Plusieurs partis d’opposition tunisiens ont vivement critiqué la décision des autorités d’expulser l’ambassadeur syrien, jugée « précipitée » et rompant avec la prudence habituelle de la diplomatie tunisienne.
L’un des principaux parti d’opposition, le Parti démocrate progressiste
(PDP) s’est étonné dans un communiqué de « ce pas inhabituel aux traditions de
la diplomatie tunisienne ».
Il a invité le pouvoir exécutif « à consulter toutes les forces nationales
avant de prendre des décisions pouvant compromettre, de par leur importance,
lavenir des relations arabes et internationales avec les autres pays ».
Tout en soulignant « son soutien inconditionnel au peuple syrien », le parti
de gauche Ettajdid a fustigé pour sa part une décision « précipitée » et
« irréfléchie », estimant qu’elle ôtait « toute marge de manoeuvre nécessaire
pour résoudre le problème syrien sans intervention militaire ».

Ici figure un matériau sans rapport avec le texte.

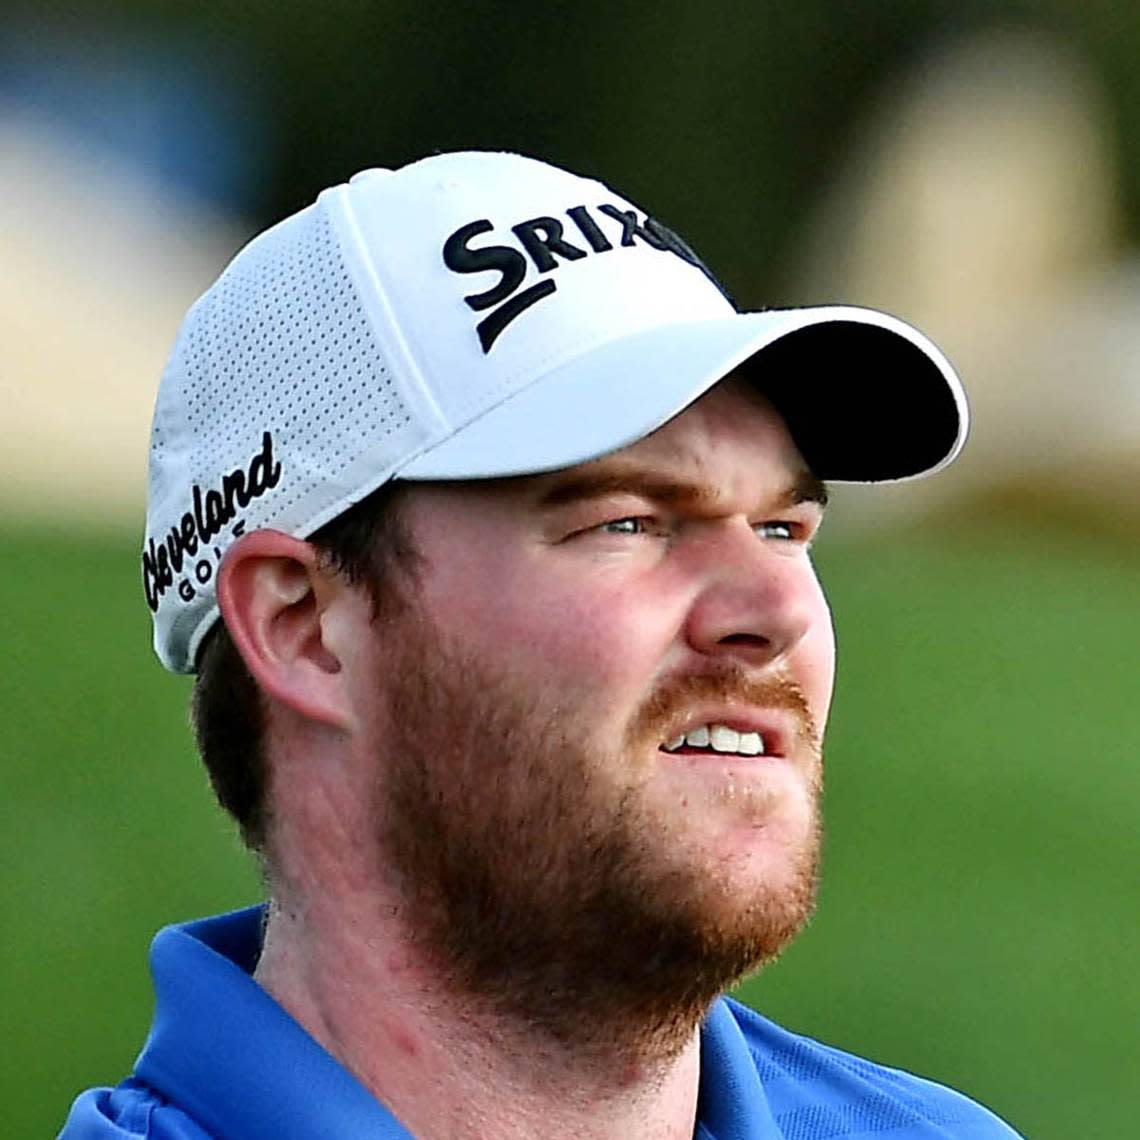 PGA Tour player Grayson Murray at TPC Sawgrass - Stadium Course. Murray, a winner on the Korn Ferry Tour this year, is competing in the Korn Ferry’s UNC Health Championship at Raleigh Country Club..

« Décision hâtive et première dangereuse dans l’histoire de la diplomatie
tunisienne », a dénoncé le Parti national tunisien, rassemblant des formations
centristes.
Les partis d’opposition se sont également inquiétés des répercussions
éventuelles d’une telle décision sur les Tunisiens installés en Syrie.
La décision d’expulser l’ambassadeur « tranche net avec les constantes de la
diplomatie tunisienne, plutôt réservée, médiane et modérée », soulignait lundi
un éditorial dans le quotidien La Presse.
La présidence tunisienne a annoncé samedi avoir entamé les procédures « en
vue d’expulser l’ambassadeur de Syrie », suite aux bombardements vendredi sur
la ville de Homs, qui ont fait plus de 230 morts, selon des militants des
droits de l’homme.
« Cette décision d’expulsion est définitive et sans retour et elle a été
prise sans l’influence de personne, ni sous pression américaine ou européenne
ou arabe », a martelé lundi le ministre des Droits de l’Homme et porte-parole
du gouvernement Samir Dilou lors d’un point de presse.
« Nos relations avec les autres pays se basent sur des principes qu’on ne
peut pas ignorer, la Tunisie après sa révolution ne peut pas garder des liens
avec un régime qui tue son peuple, qui arrache la gorge d’un chanteur et qui
brise les os d’un peintre », a-t-il affirmé.
« Ce qui nous intéresse c’est le peuple syrien et non le régime qui tue
maintenant les gens par centaines », a ajouté M. Dilou.
La veille, le Premier ministre tunisien Hamadi Jebali avait appelé tous les
pays à expulser les ambassadeurs de Syrie pour protester contre la répression
sanglante menée par le régime de Bachar al Assad.